**Provided data:**
* * *
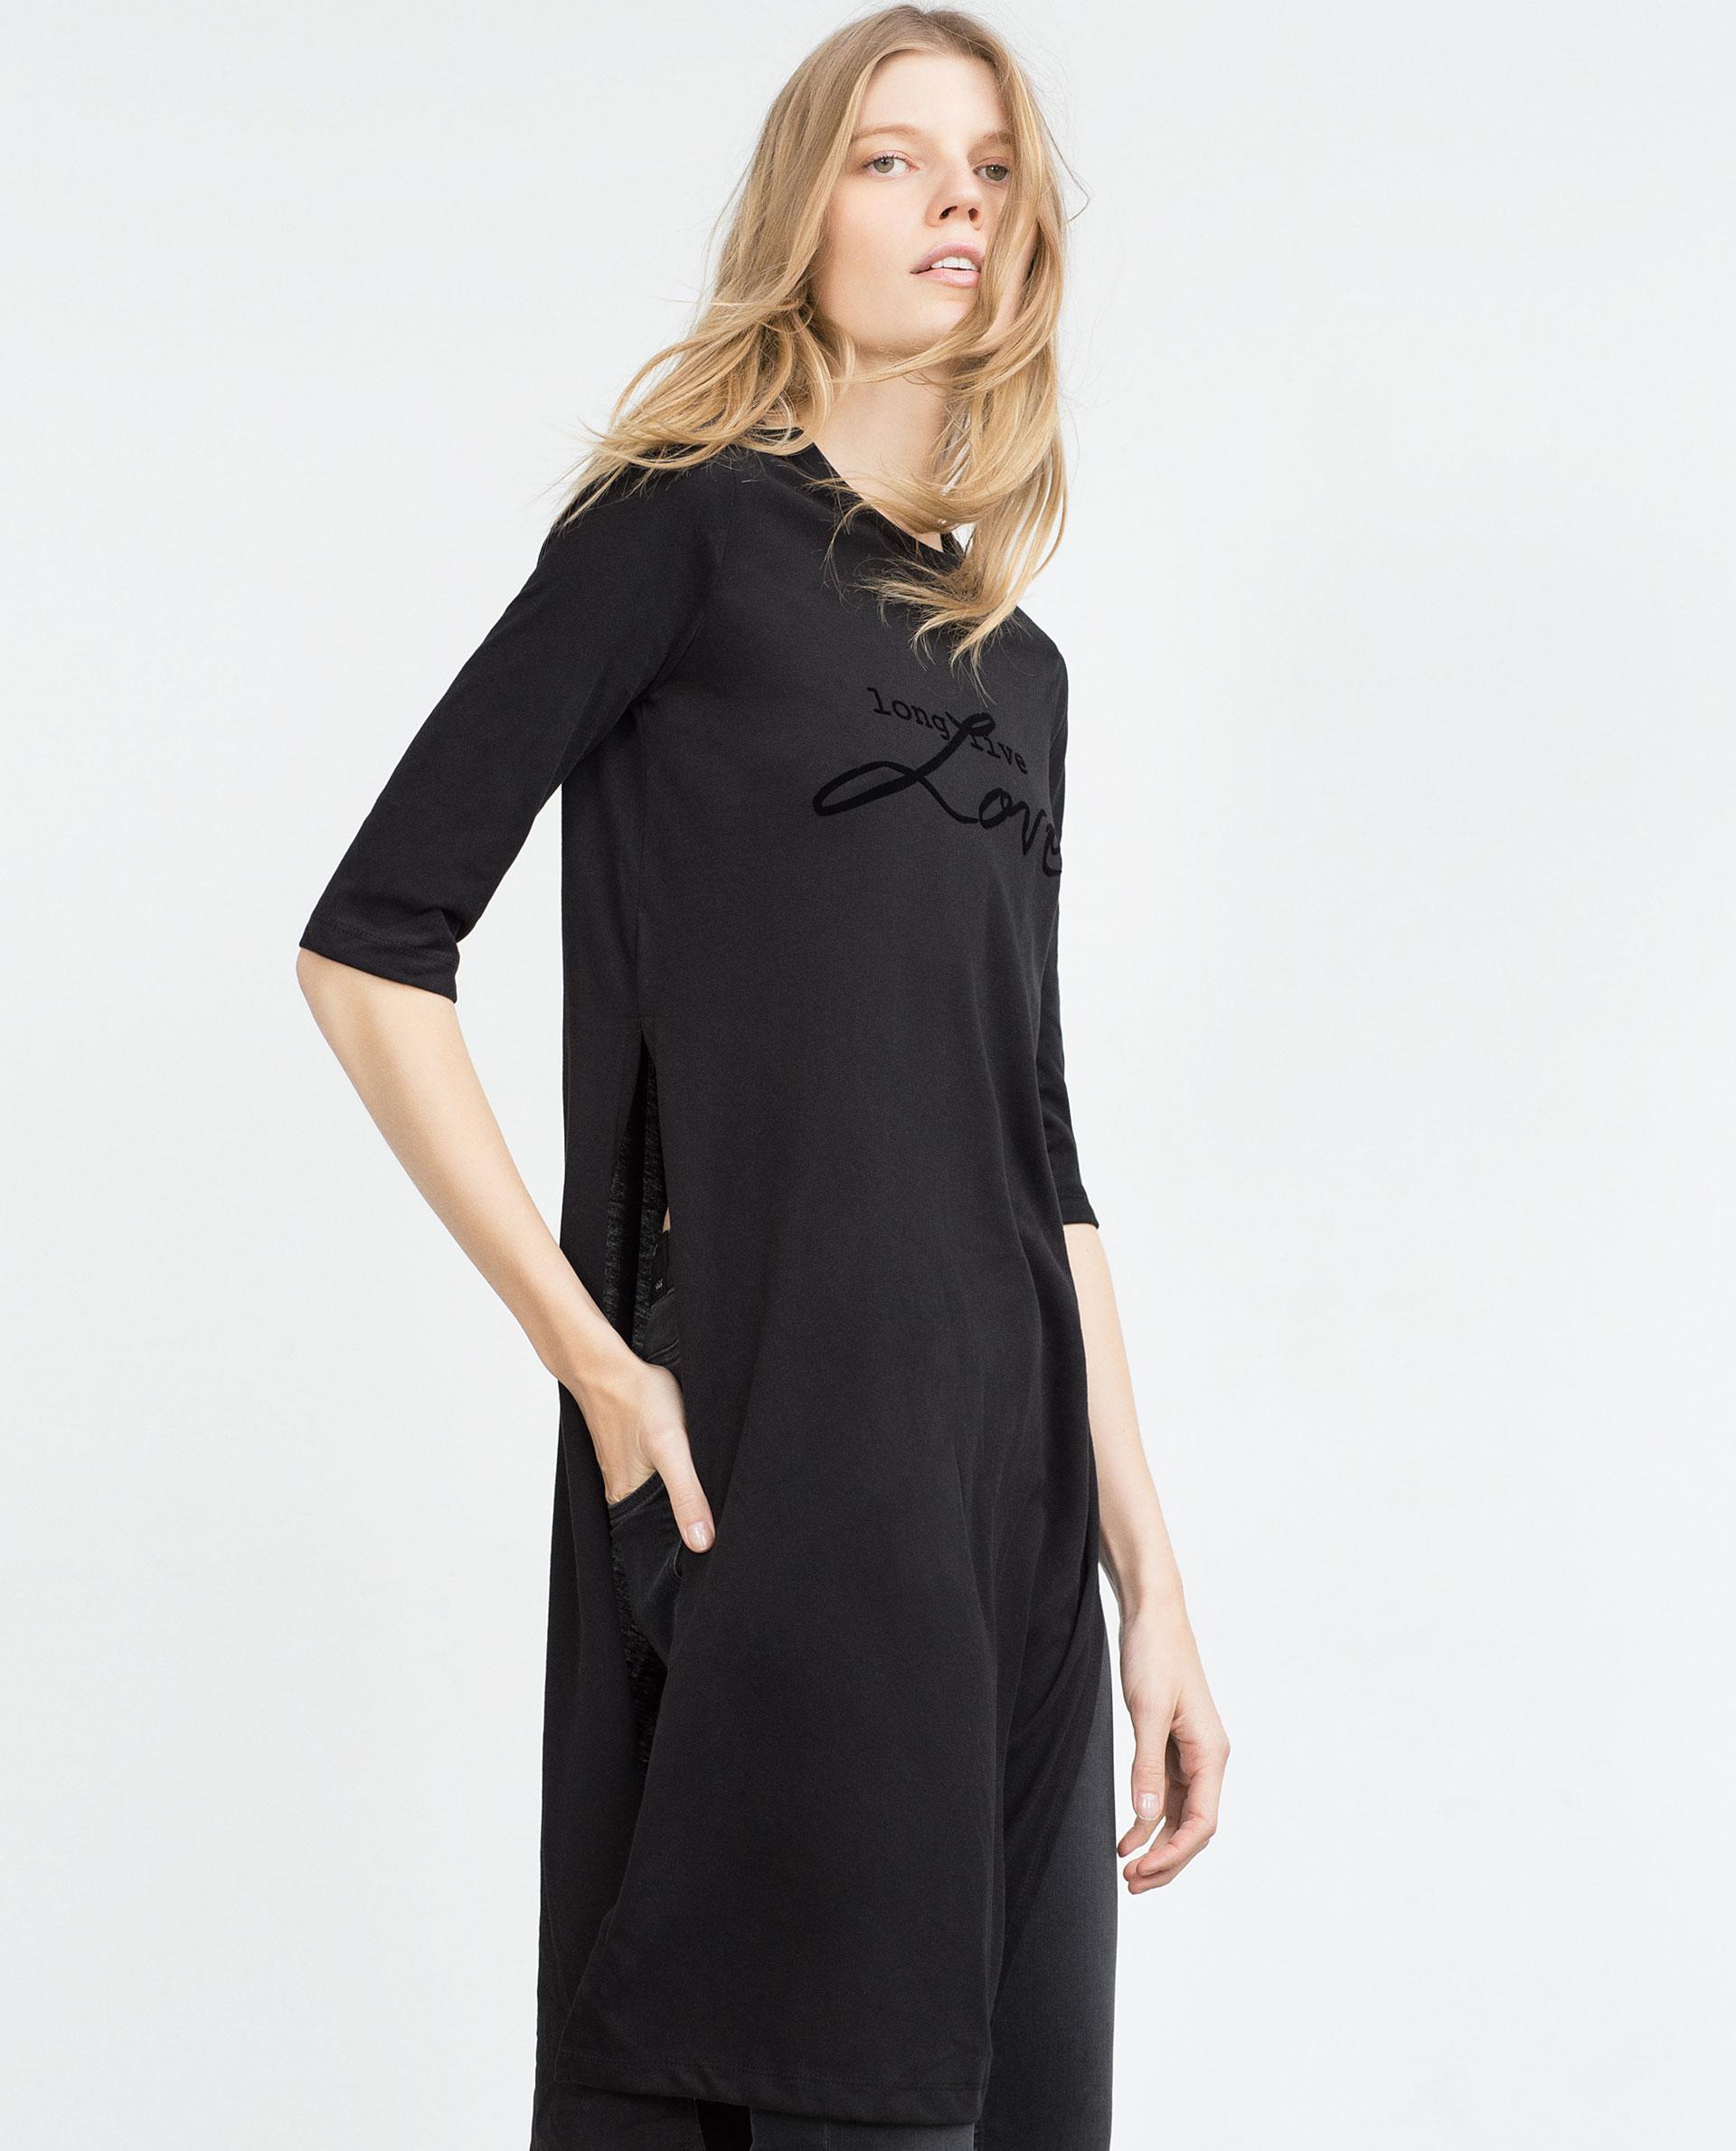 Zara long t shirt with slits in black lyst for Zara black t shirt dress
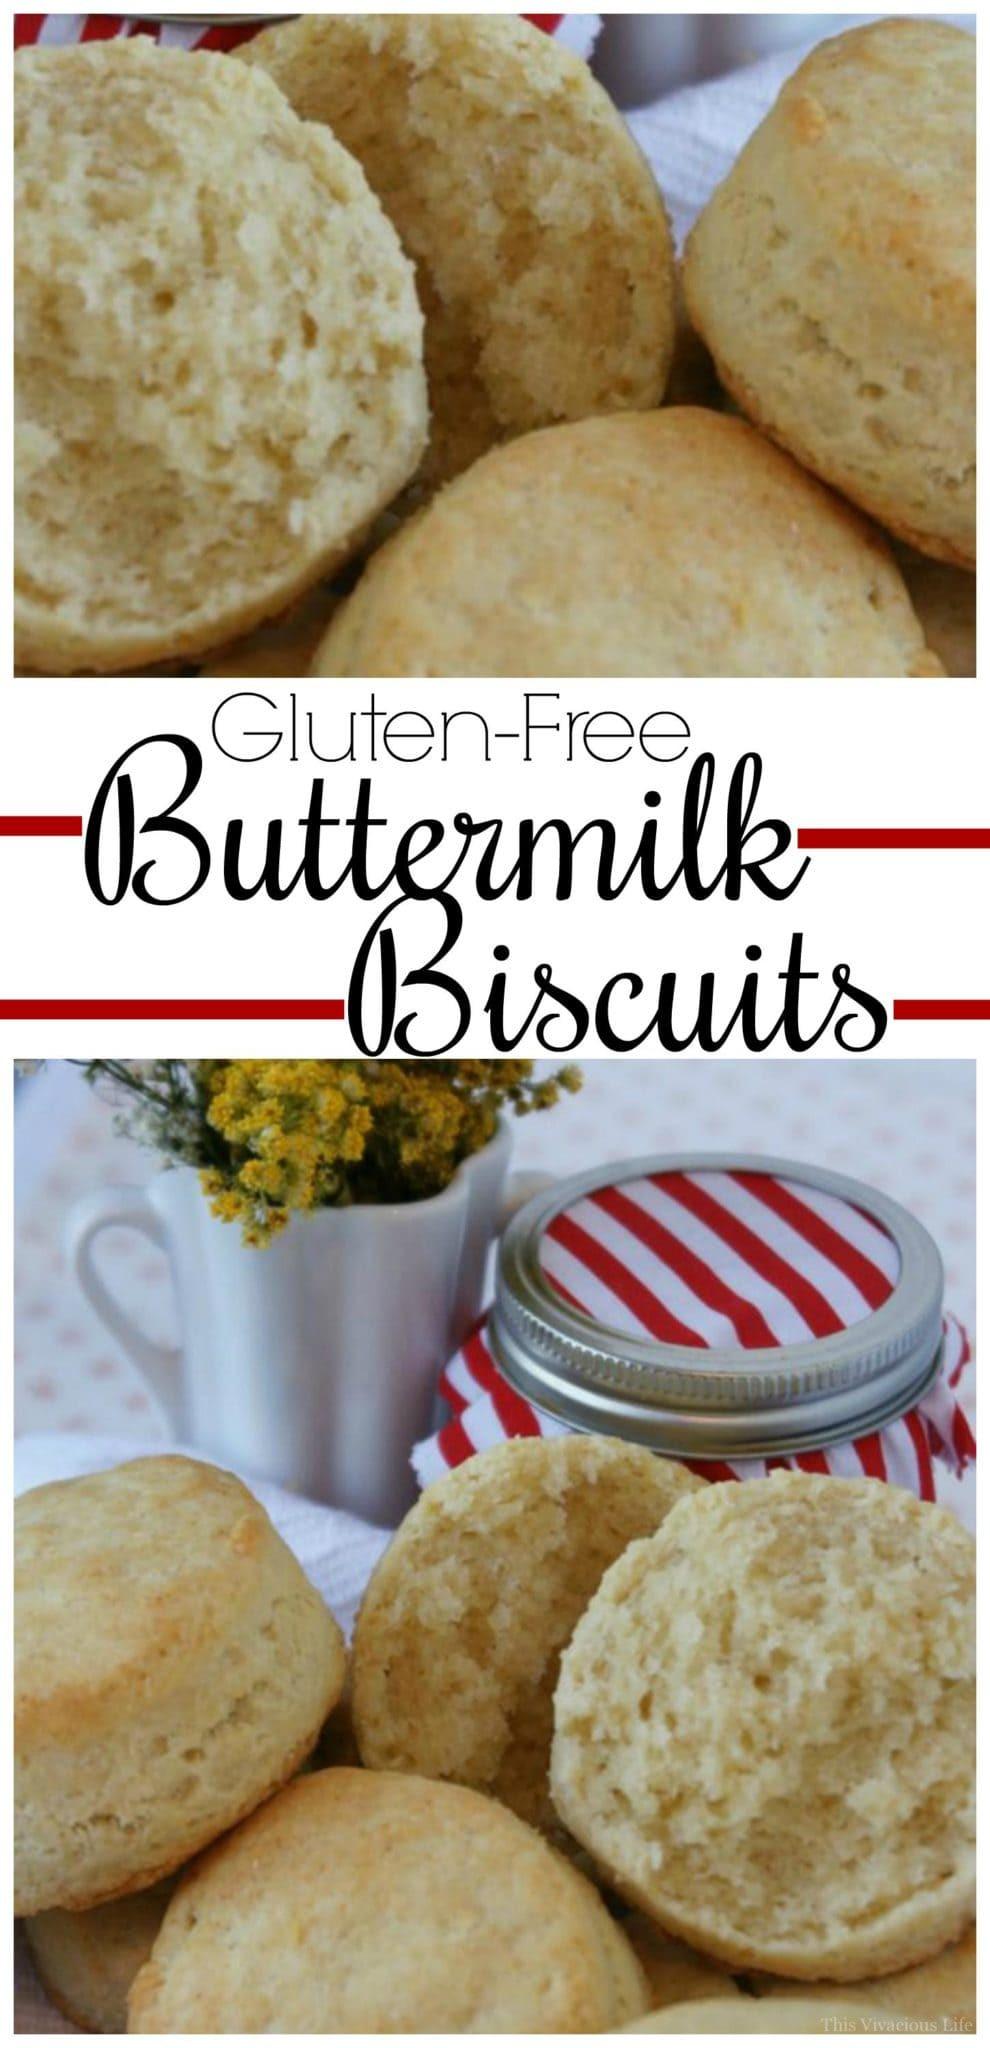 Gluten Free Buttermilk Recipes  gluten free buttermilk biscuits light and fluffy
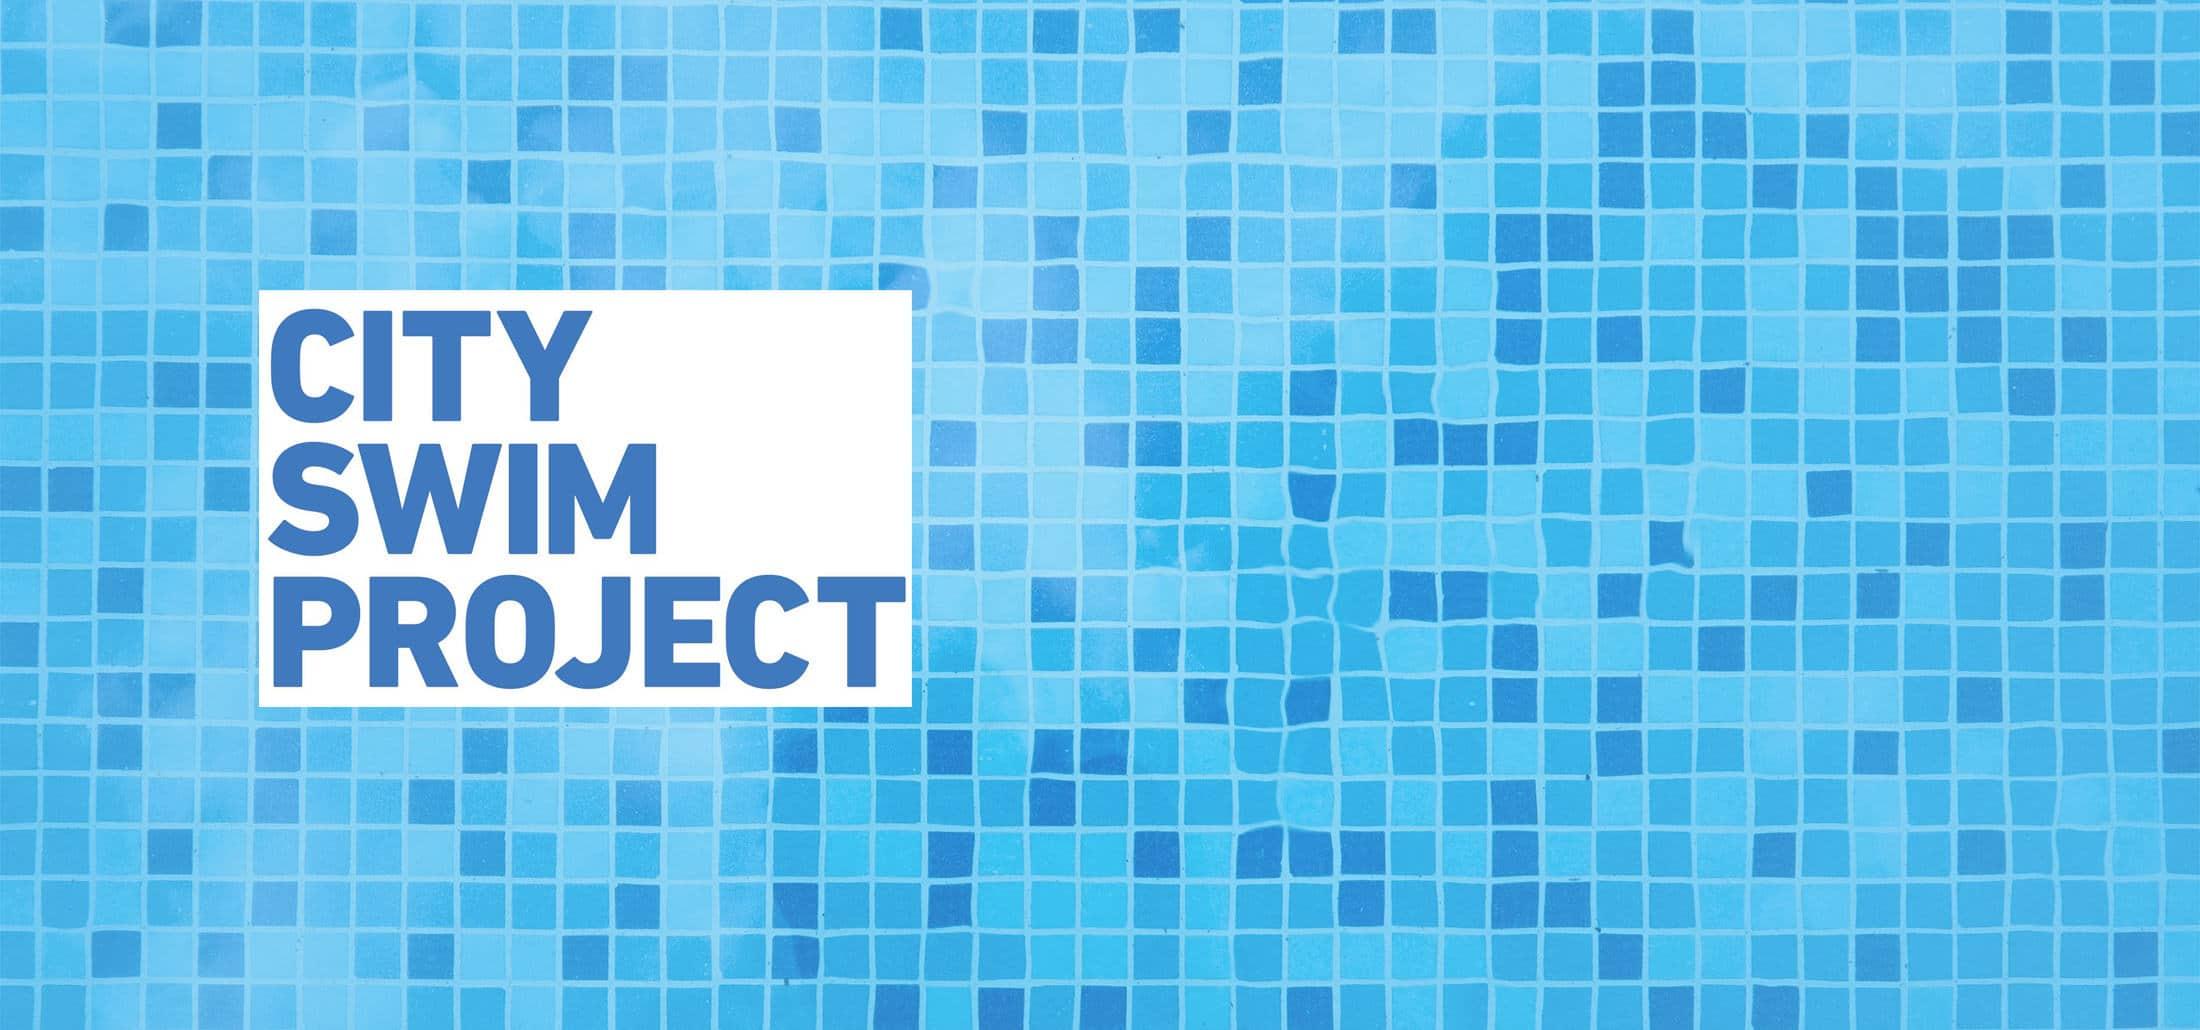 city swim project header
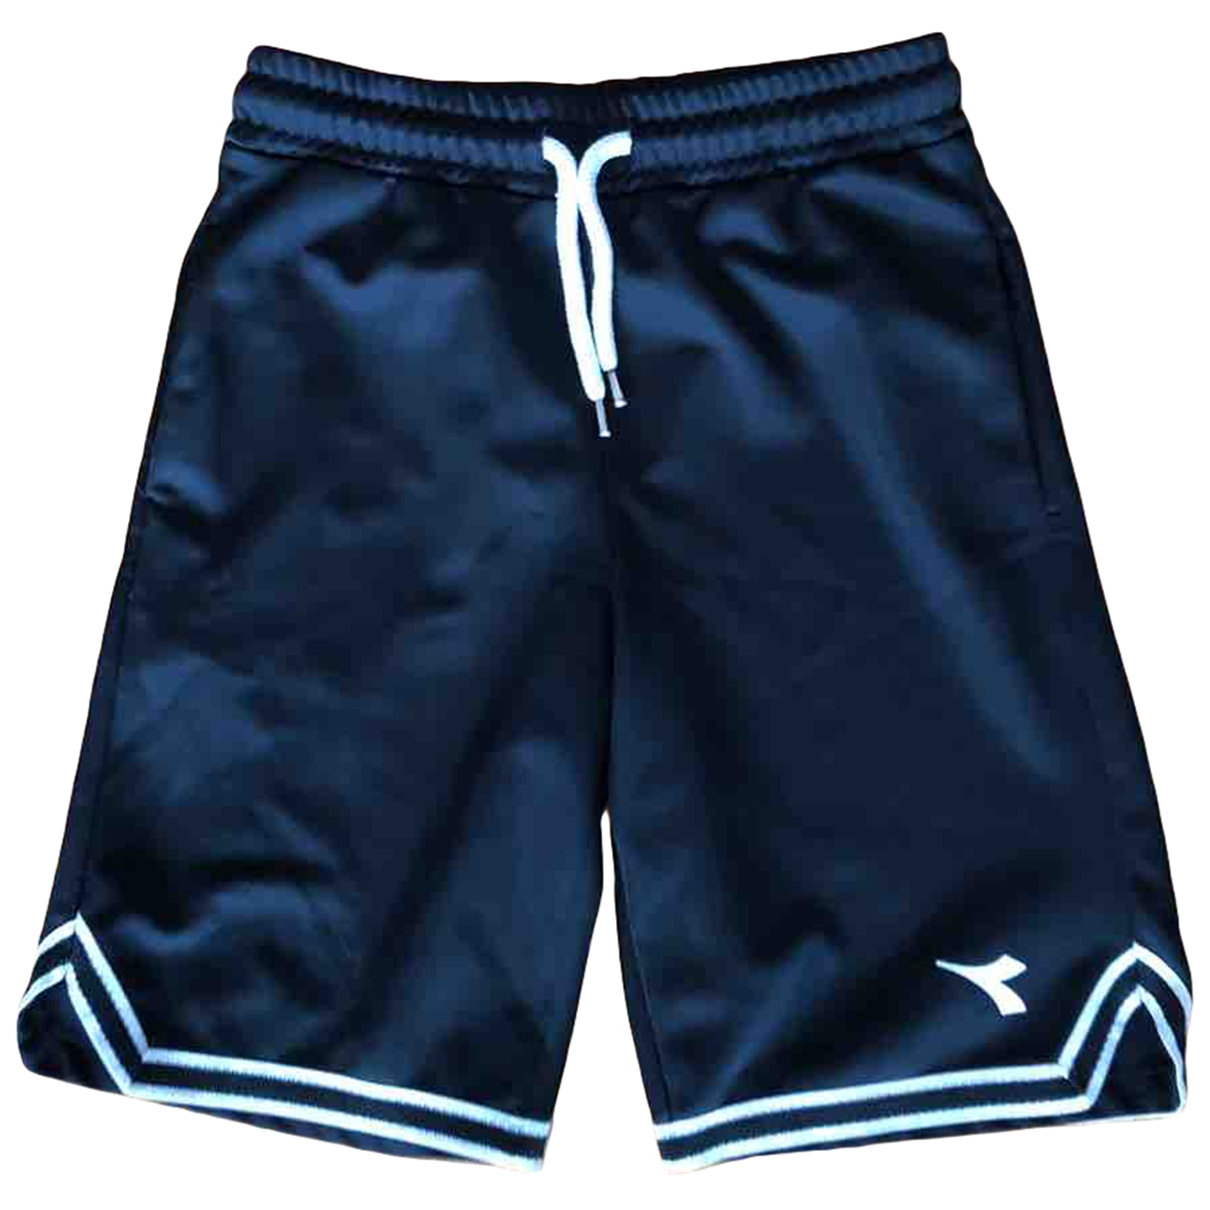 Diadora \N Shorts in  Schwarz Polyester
* * *
**Directions for this task:** Give back exactly the lines from the one that contains "city swim project header" to the final line of the data above, both included, with all pictures removed.

**Exercise answer:**
 city swim project header
 Diadora \N Shorts in  Schwarz Polyester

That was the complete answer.